Marinated baby mozzarella balls are all the rage these days. You can pick up these little gems at supermarket delis at a premium price. Save money by making your own marinated baby mozzarella balls at home with this recipe.
In this recipe, purchased bocconcini or ciliegine mozzarella balls are marinated in olive oil, fresh herbs, lemon juice, and salt. The mozzarella balls need to marinate for 4 hours at room temperature, so plan accordingly if you're serving them for a party.
- 1 tablespoon parsley (fresh, coarsely minced)
- 1 tablespoon basil (fresh, coarsely minced)
- 1 tablespoon oregano (fresh, coarsely minced)
- 1/2 cup olive oil (good-quality)
- 2 teaspoons lemon juice
- 1/4 teaspoon salt
- 1 pound fresh baby mozzarella cheese balls (bocconcini or ciliegine, drained)
- Place parsley, basil, oregano, olive oil, lemon juice, and salt in a zip-top bag large enough to hold the mozzarella. Massage to combine.
- Add the drained baby mozzarella cheese balls, seal, and toss bag to coat the cheese.
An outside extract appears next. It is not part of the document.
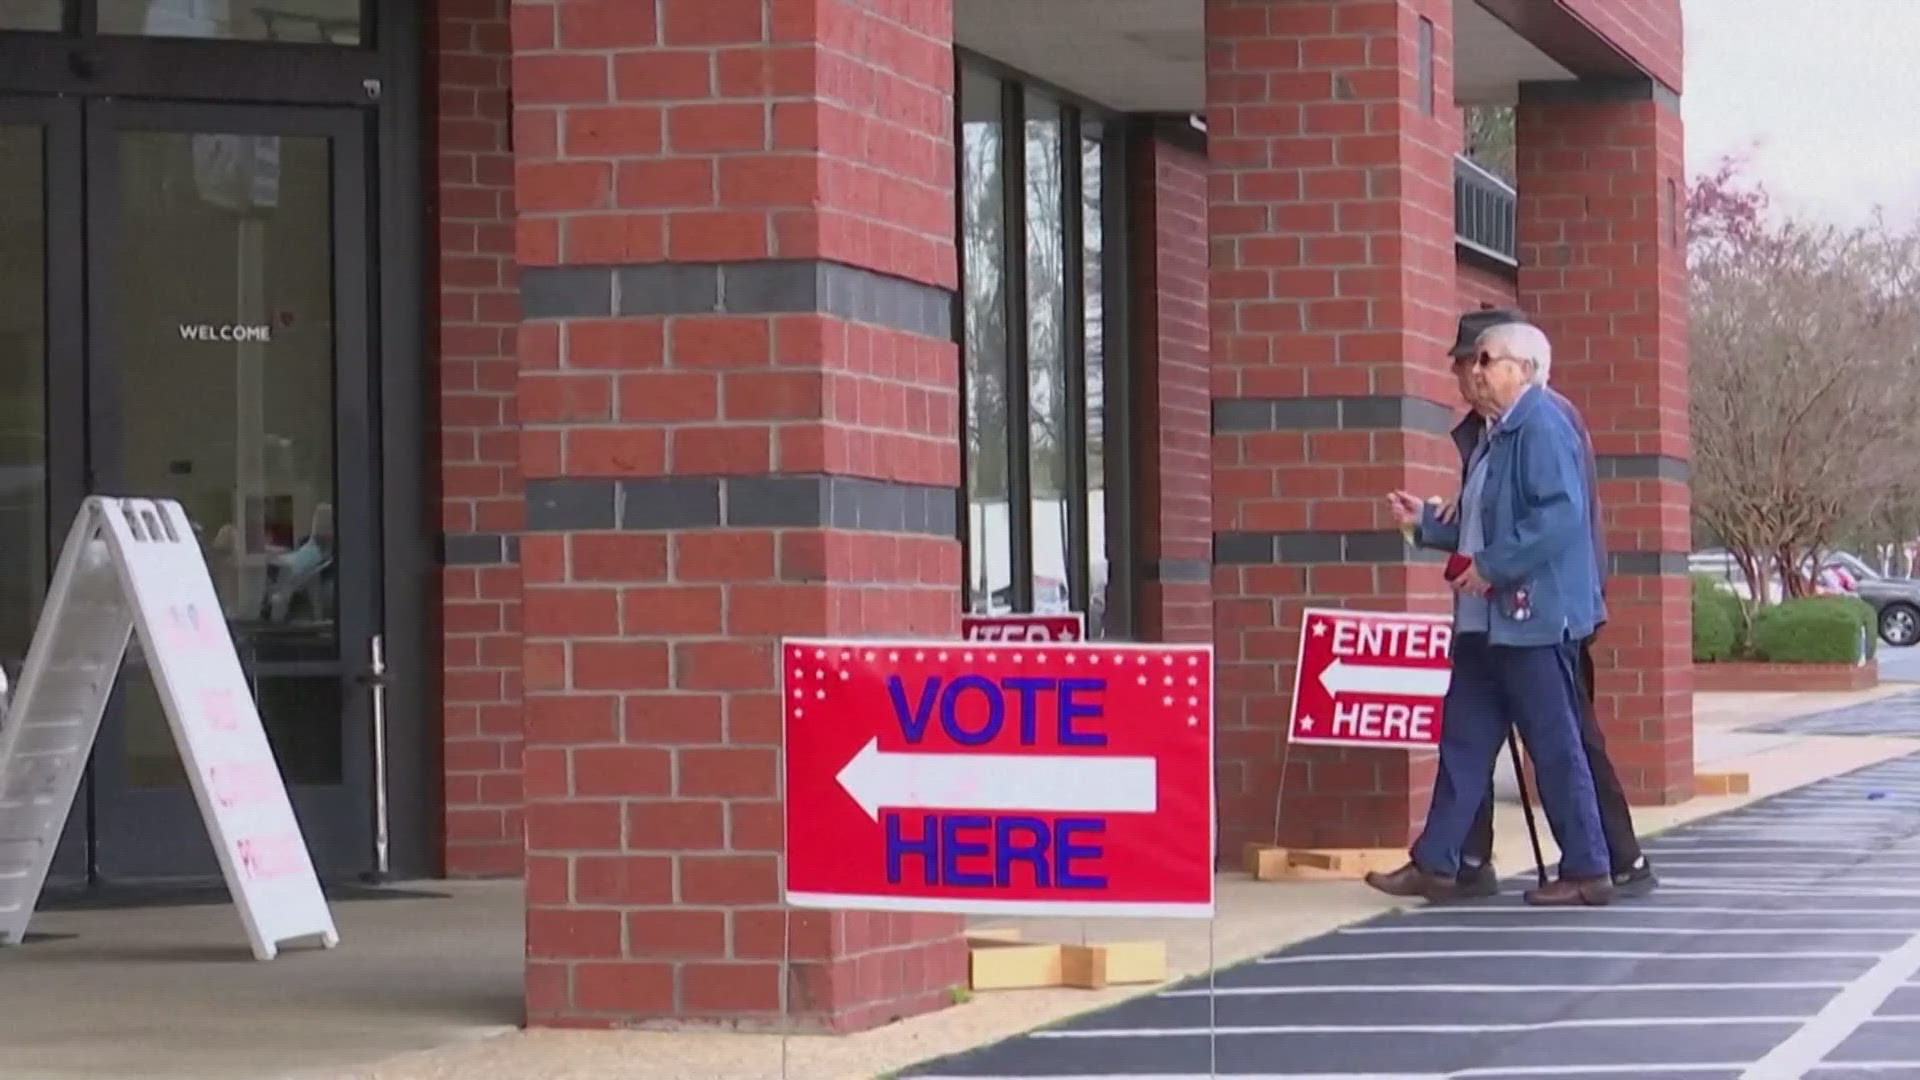 Polls are open until 7 p.m. in Texas for Super Tuesday.

Open the bag, squeeze out all the air, and re-seal.
- Let mozzarella balls sit in the marinade at room temperature for 4 hours before serving.
Mozzarella cheese comes in many different varieties—fresh, smoked, cow's milk, buffalo milk (latte di bufala) and more.
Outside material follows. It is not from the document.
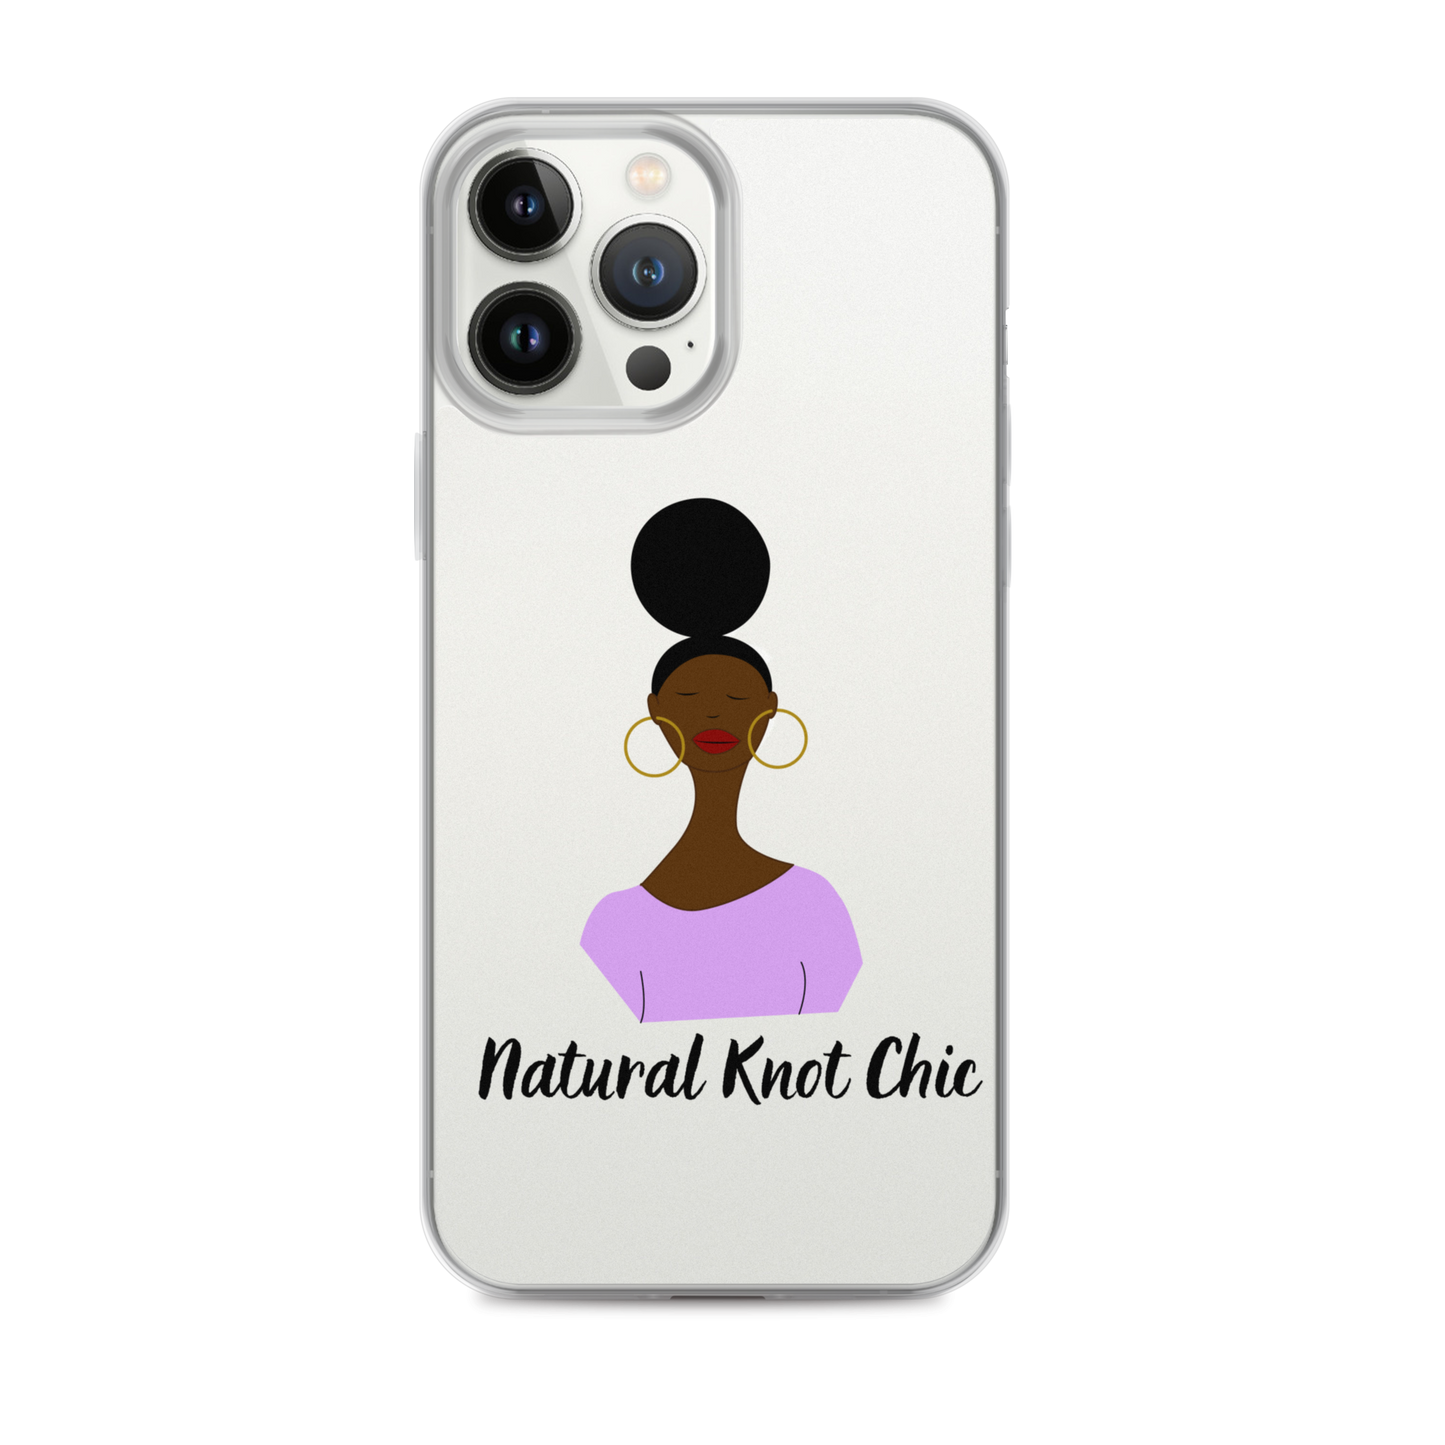 Natural Knot Chic iPhone Case

Creamy, milky fresh mozzarella is mild-flavored and sold in different shapes. Regular mozzarella balls are about the size of a small orange. Bocconcini are slightly smaller balls (about the size of an egg) and ciliegine are smaller still, about the size of a cherry.
They can be marinated or left plain and stored in whey, the drained liquid from the cheese-making process.